▸ **WHAT THE EXERCISE ASKS**
Write out the entire listing below exactly as it appears, minus any pictures.

▸ **SUPPLIED MATERIAL**
════════════════════

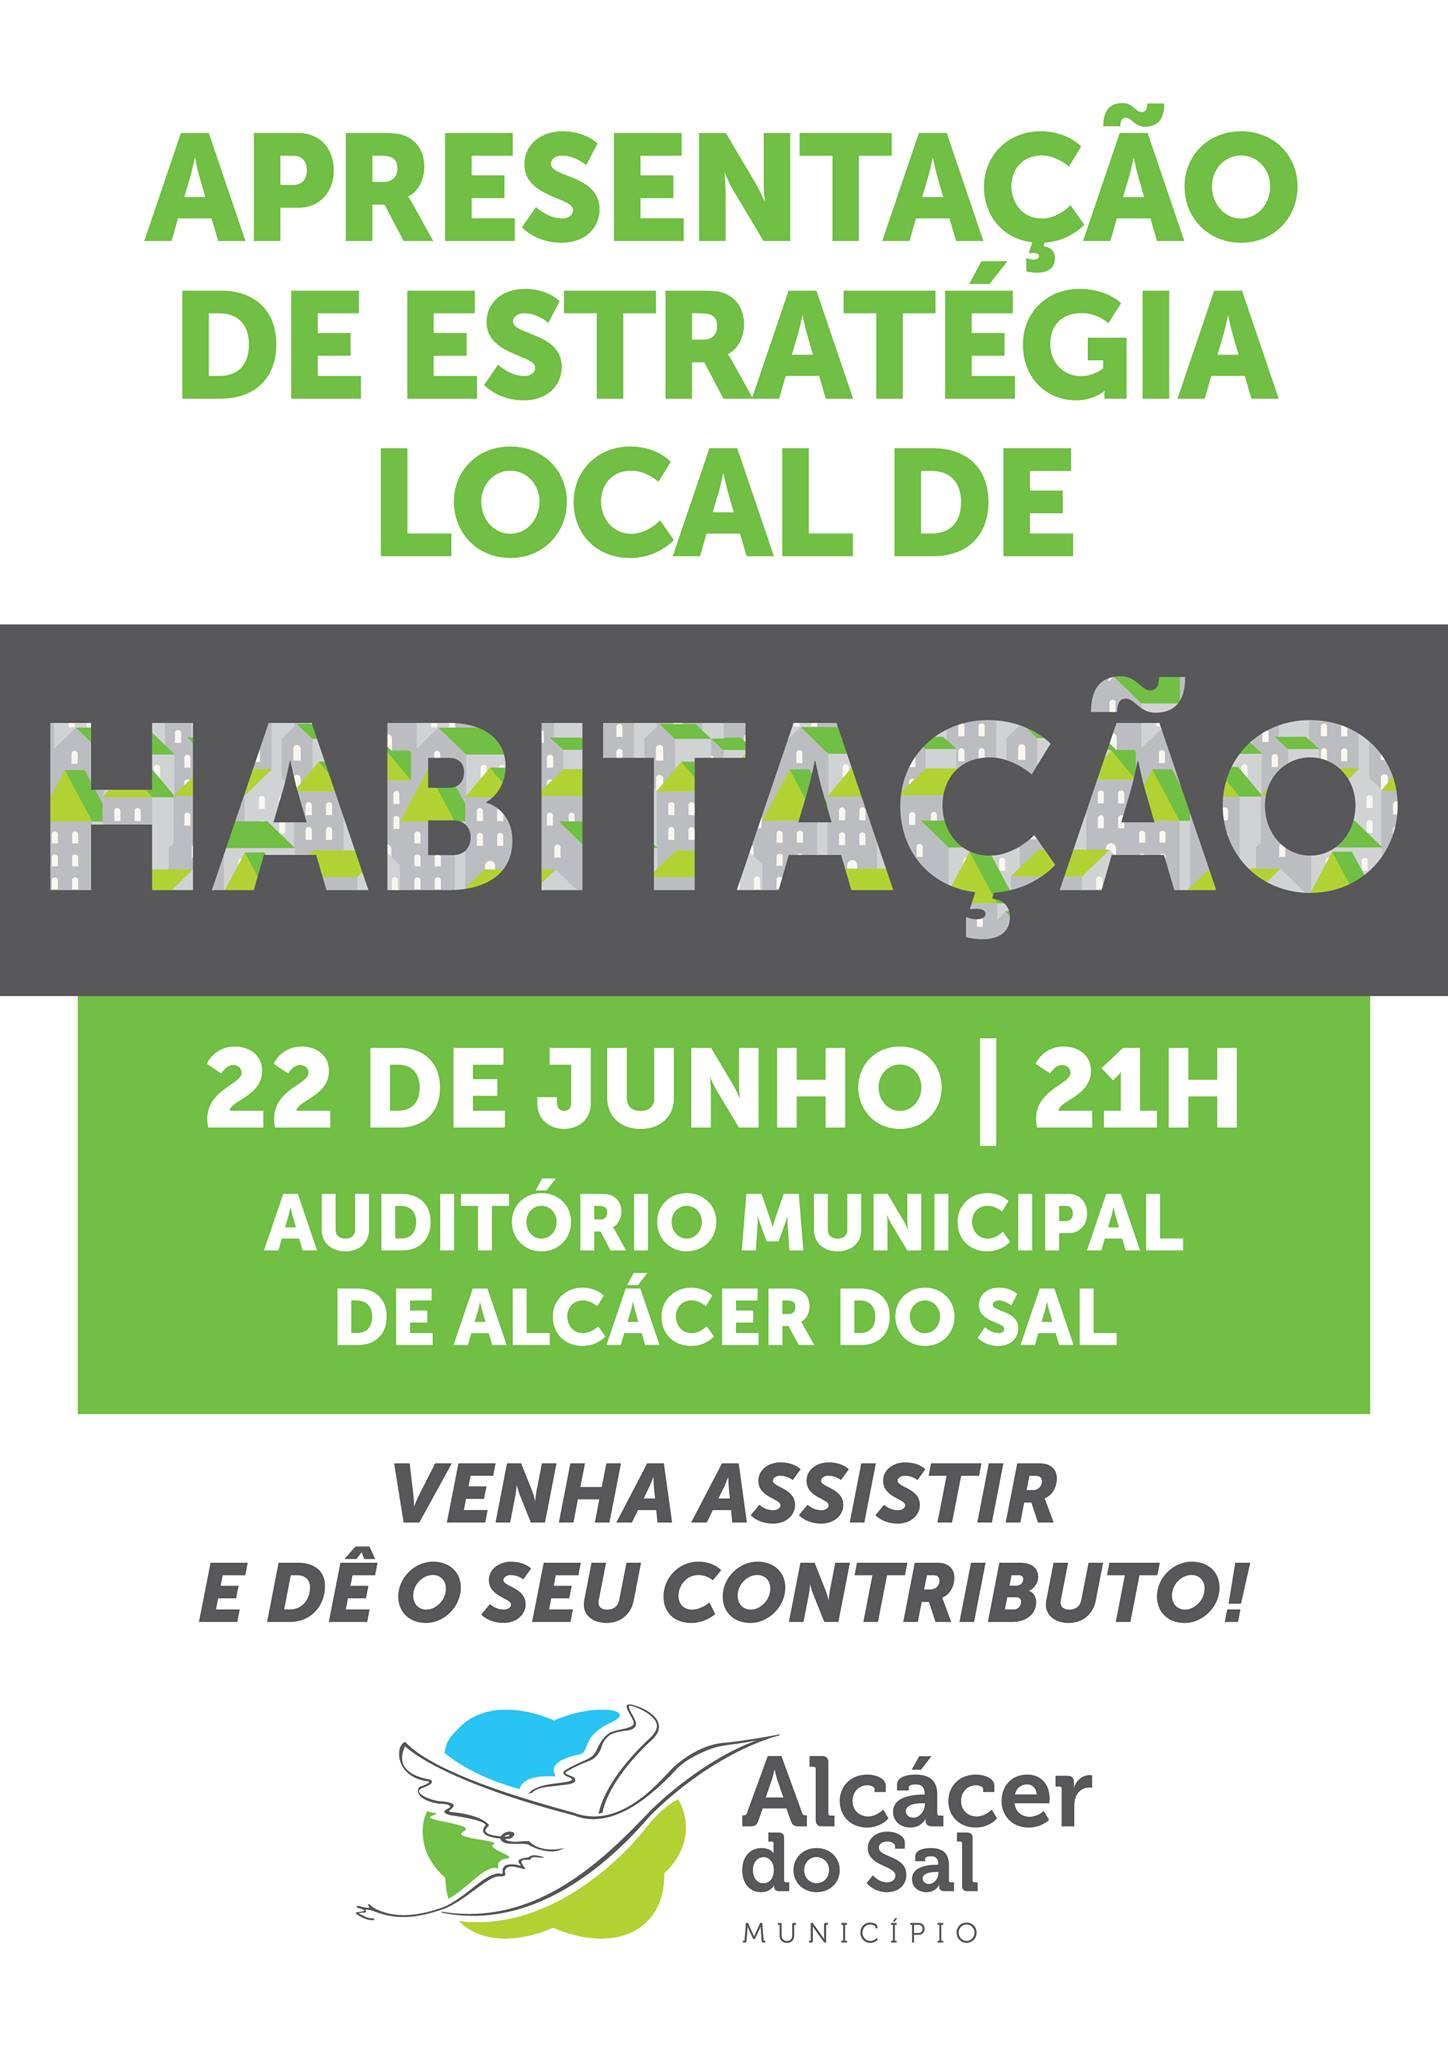 Apresentação pública de Estratégia Local de Habitação
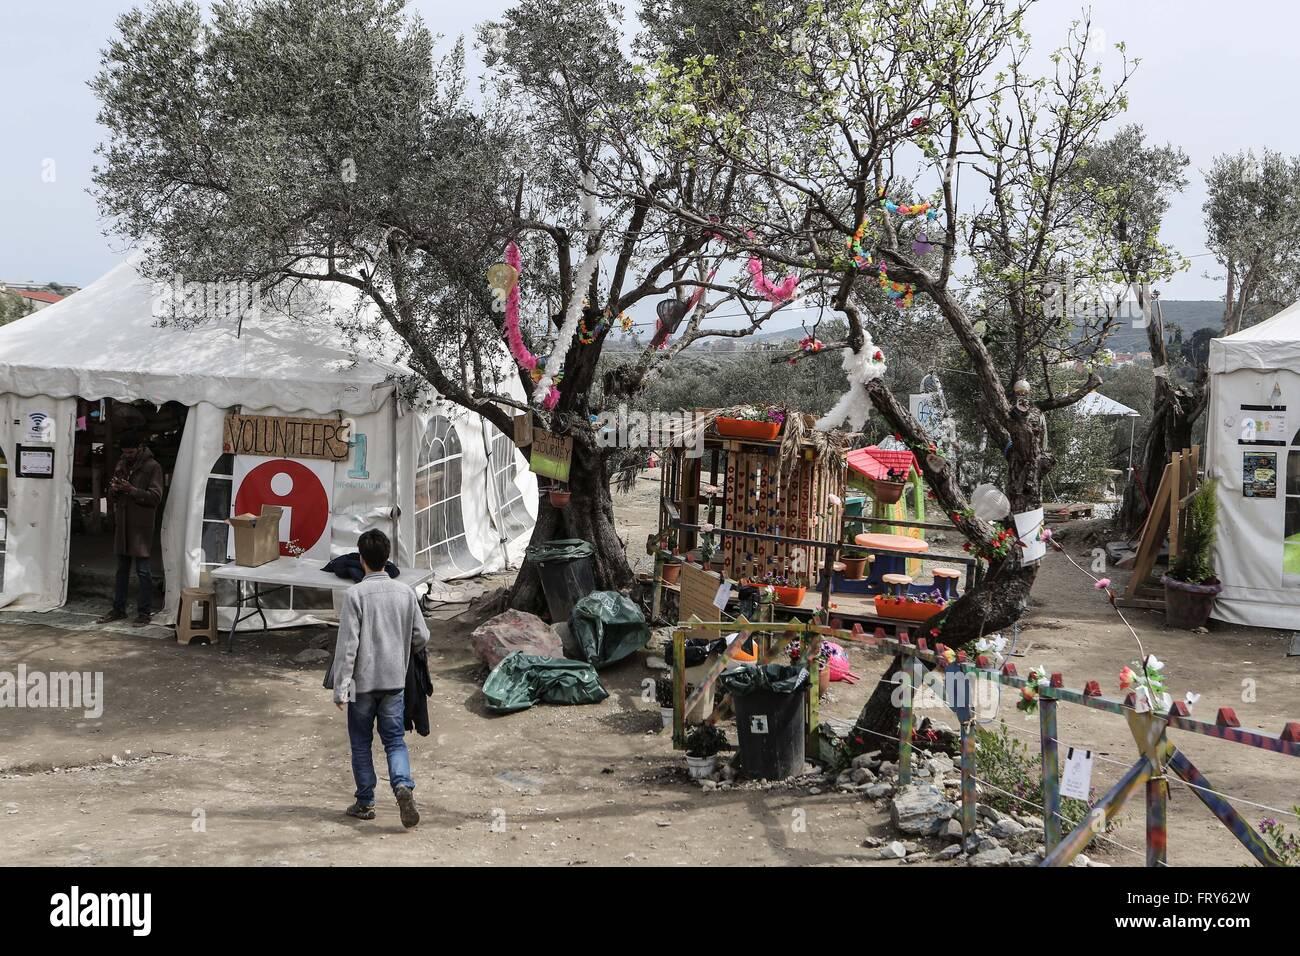 160324)--Lesbos, 24. März 2016 (Xinhua)--ein kleiner Spielplatz ...
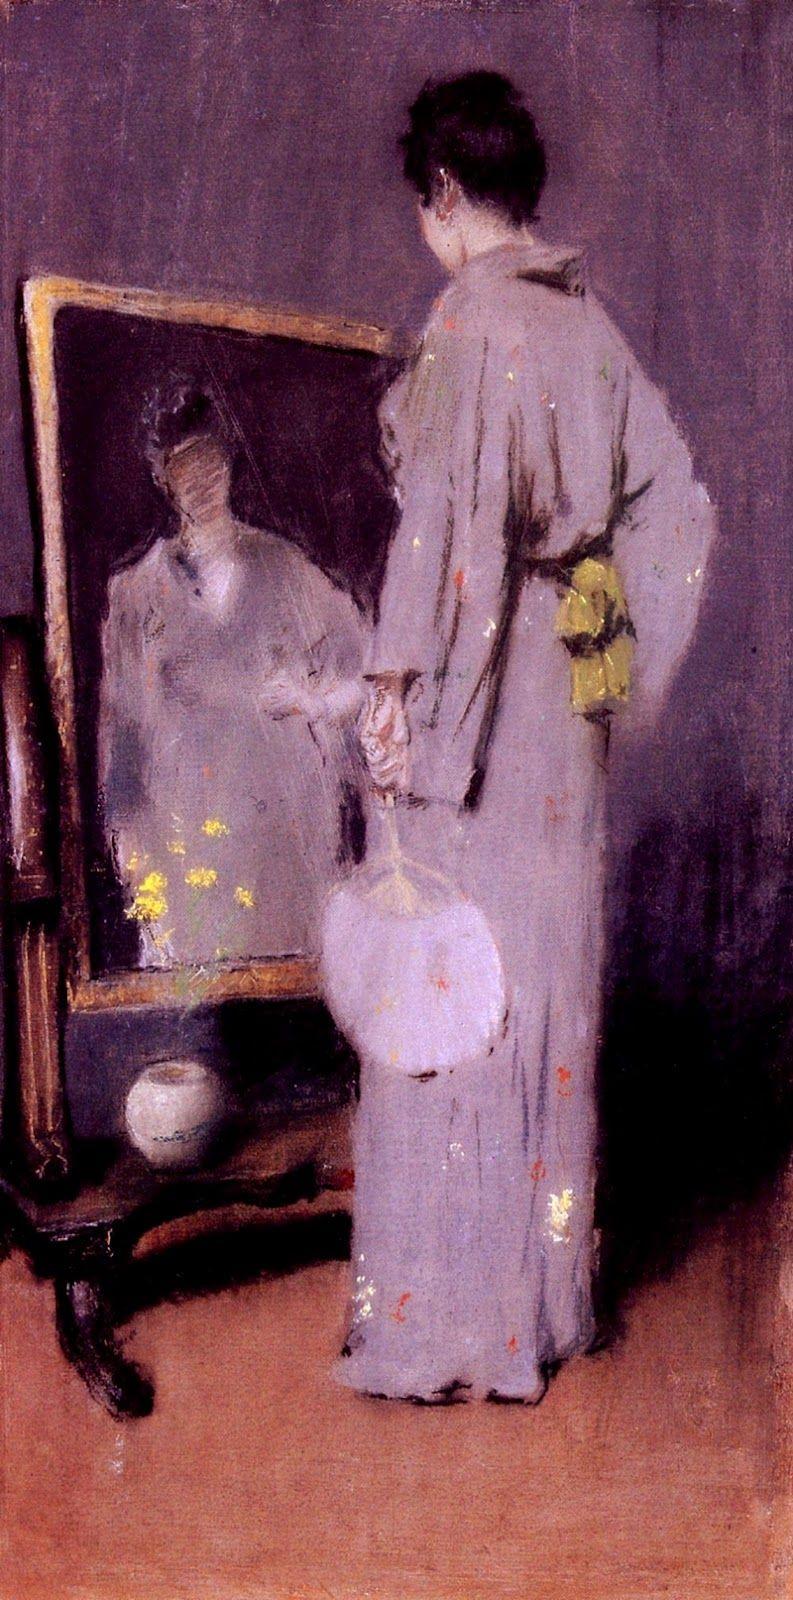 William Merritt Chase ~ Impressionist painter | Tutt'Art@ | Pittura • Scultura • Poesia • Musica
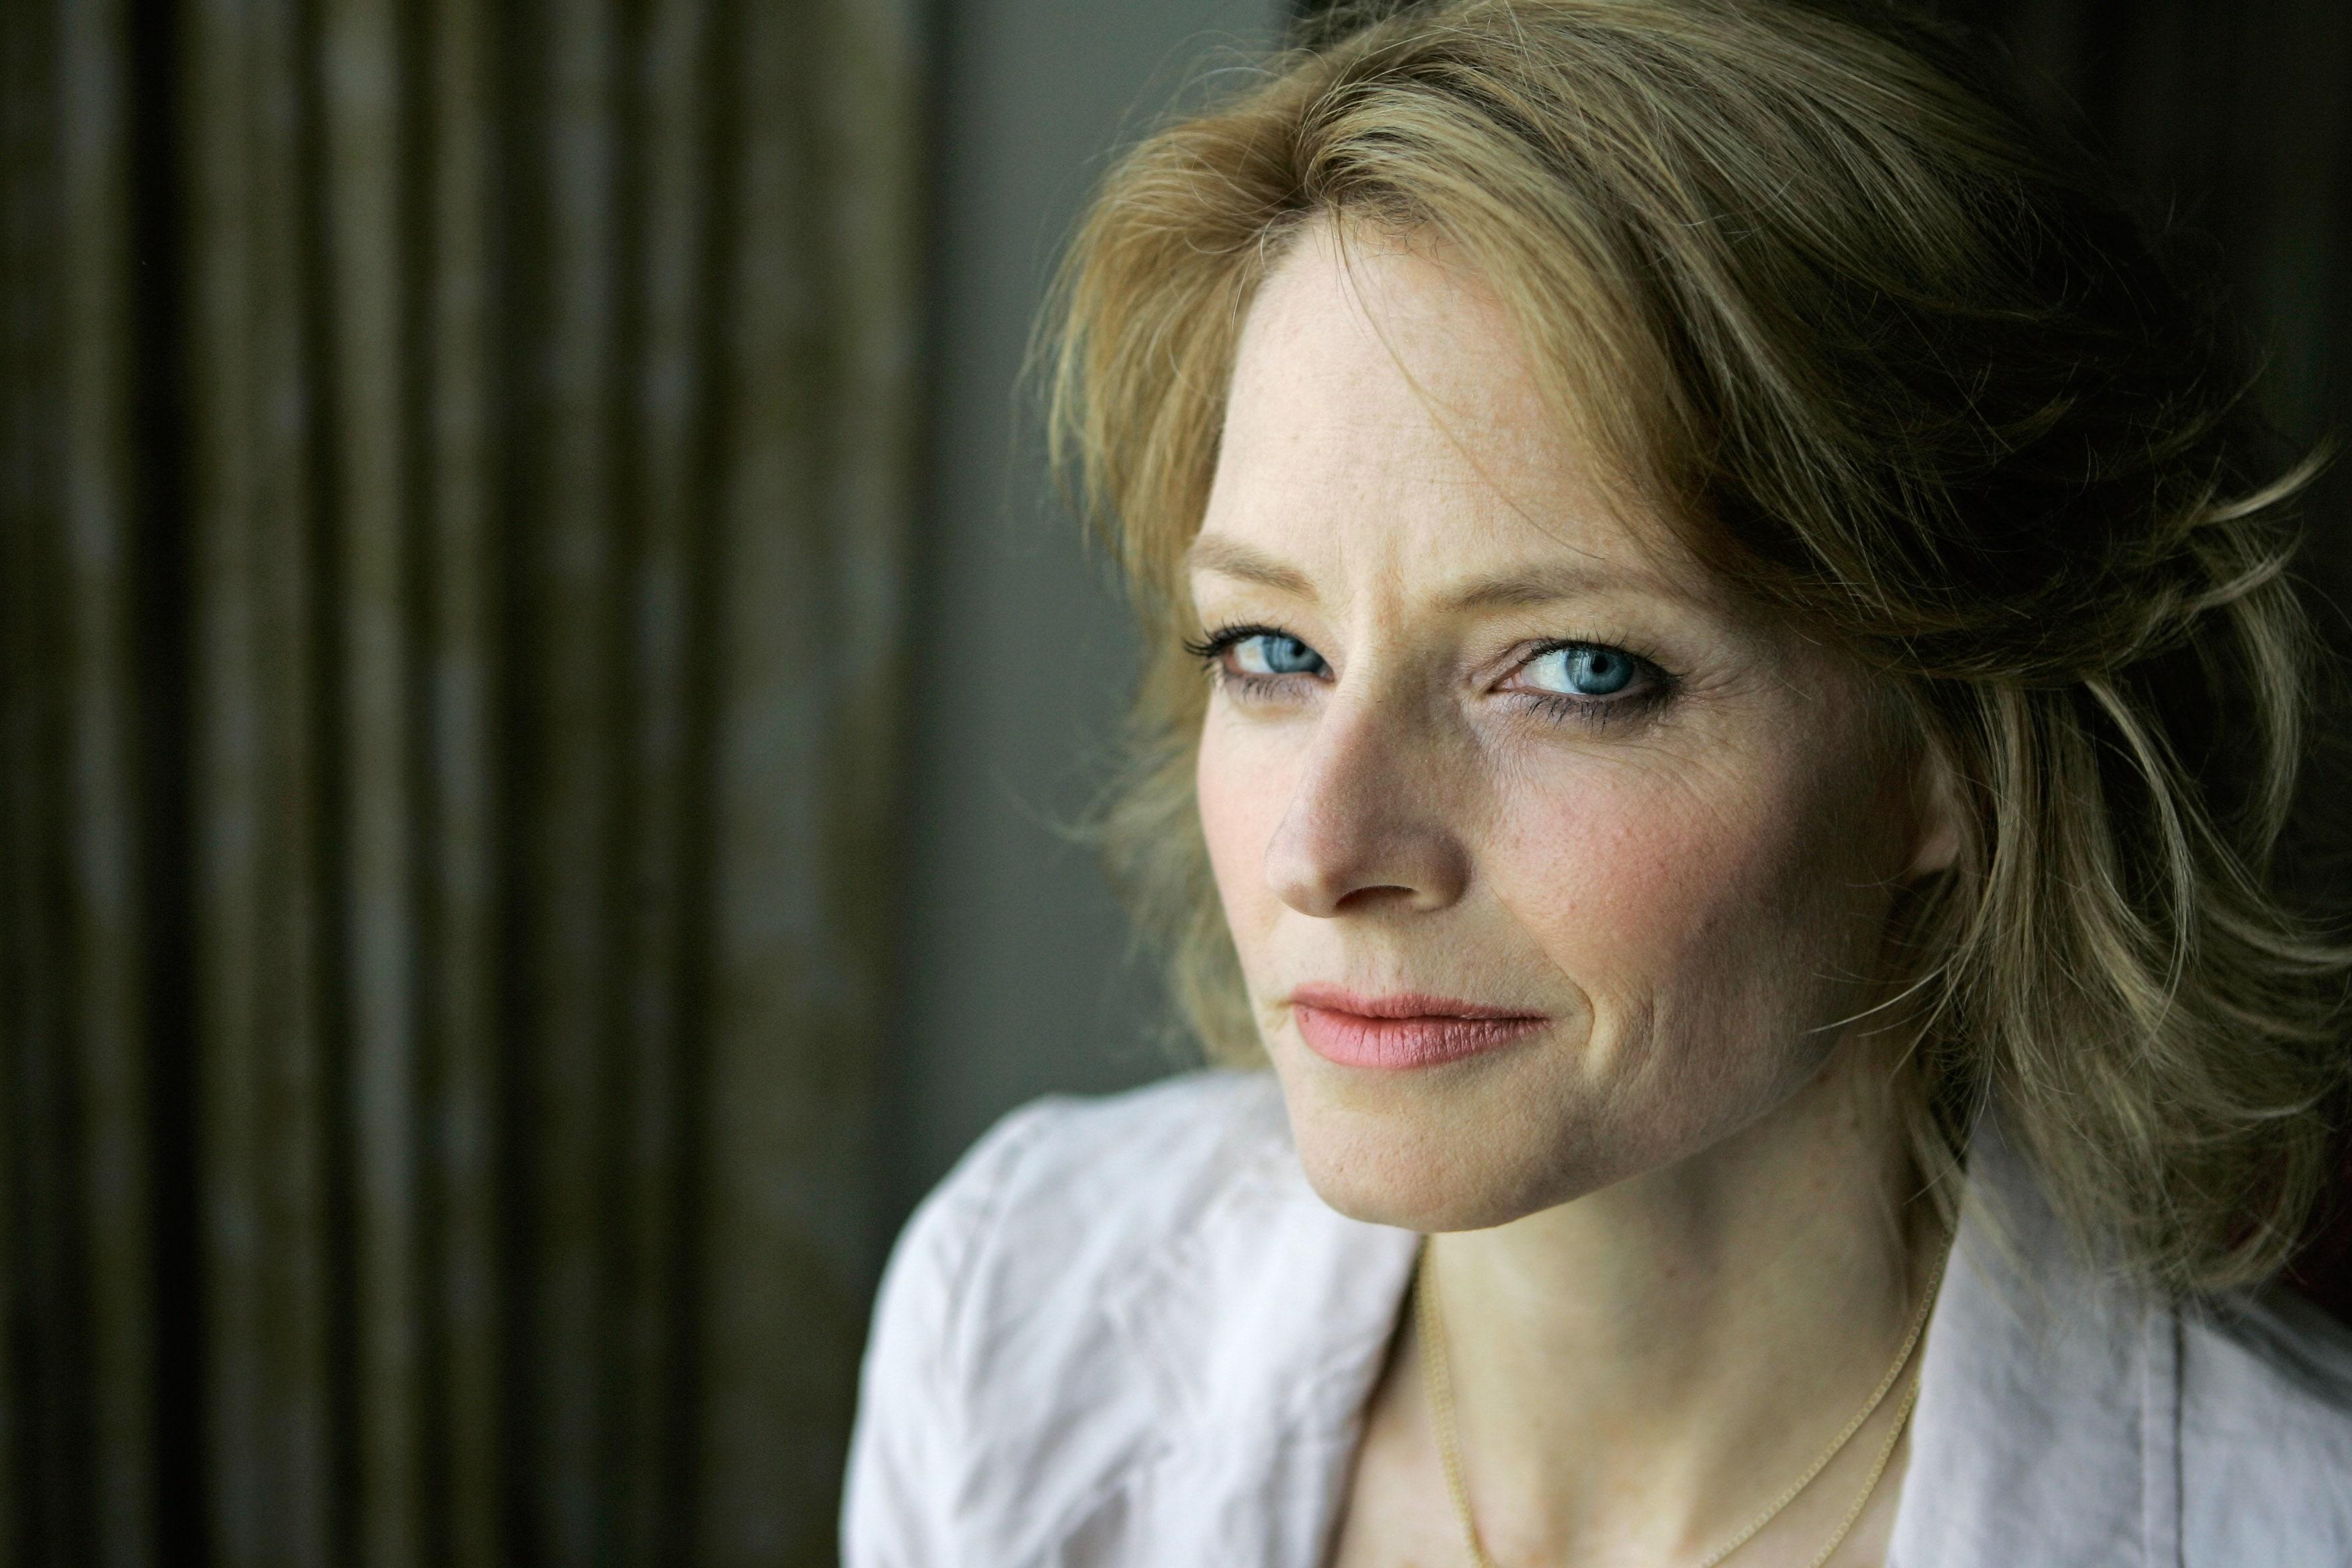 Jodie Foster Background

════════════════════

▸ **YOUR RESPONSE**
 Apresentação pública de Estratégia Local de Habitação
 160324)--Lesbos, 24. März 2016 (Xinhua)--ein kleiner Spielplatz ...
 William Merritt Chase ~ Impressionist painter | Tutt'Art@ | Pittura • Scultura • Poesia • Musica
 Jodie Foster Background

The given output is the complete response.